Accepting an invitation extended by the principal of an uptown school, I visited that institution to-day. The masses of young humanity a person finds in these temples of instruction is something amazingly impressive. Eight or nine hundred scholars are attending the one school on which I bestowed my attentions to-day.

HEAD OF HIS CLASS.

FOOT OF HER CLASS.

This article must be embellished with a faithful sketch of the boy who stood at the head of his class. How he felt at that moment, I couldn’t say, never having any experience in the position myself. He looked happy and confident, however, and snapped eagerly at the words as they fell from the teacher’s lips, much as a hungry dog does at the crumbs falling from a table. But my sympathies were decidedly with the little contortionist who stood mournfully at the foot of her class. I knew how that was myself.
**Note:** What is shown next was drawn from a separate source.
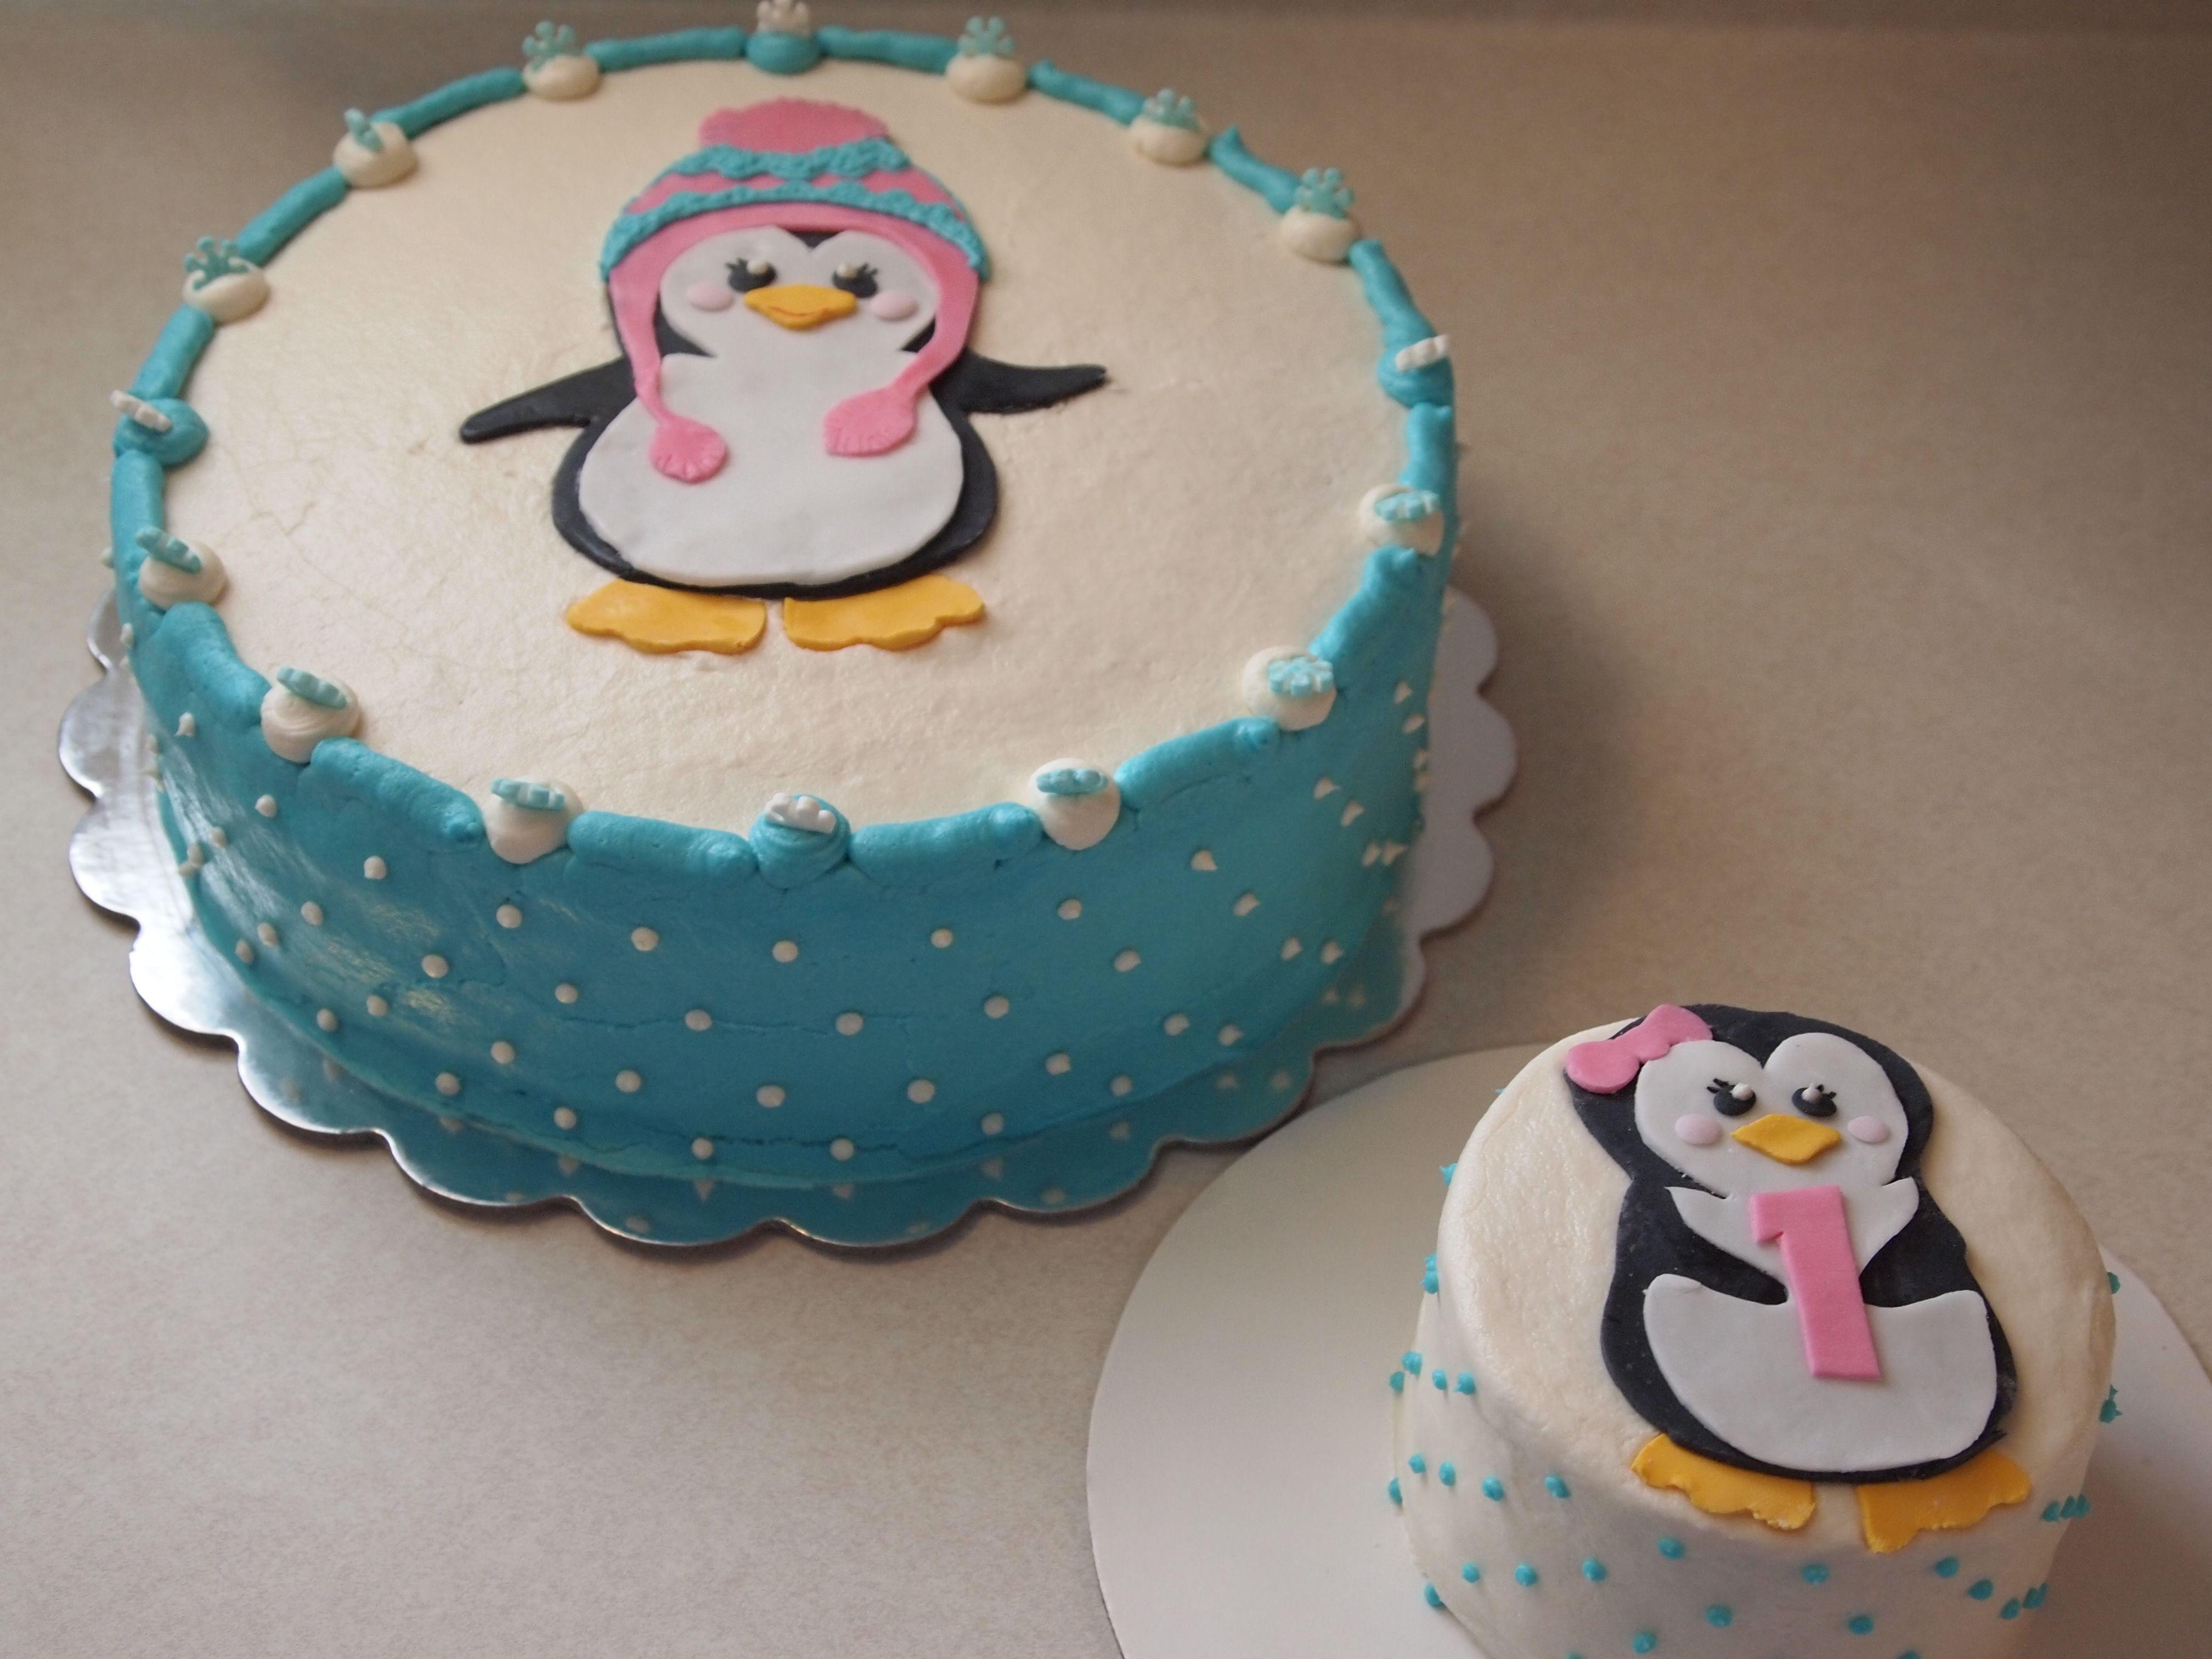 Penguin first birthday cake Birthday party ideas Pinterest

I had been “yar,” and I regretted I wasn’t a ventriloquist, that I might from afar whisper in her ear, and assist her over some clogging syllables. If she could have gone into the yard, where I noticed a scholar of the senior class throwing herself in a delirium of joy, brought about by a skipping-rope, she would probably have acquitted herself in a creditable manner, and won the praise of all, for however inferior a person may be to another in some matters, when they can choose their game they often reverse the order, and peradventure the poor stammering scholar could have skipped the skirts off those jogging ahead of her in the common speller.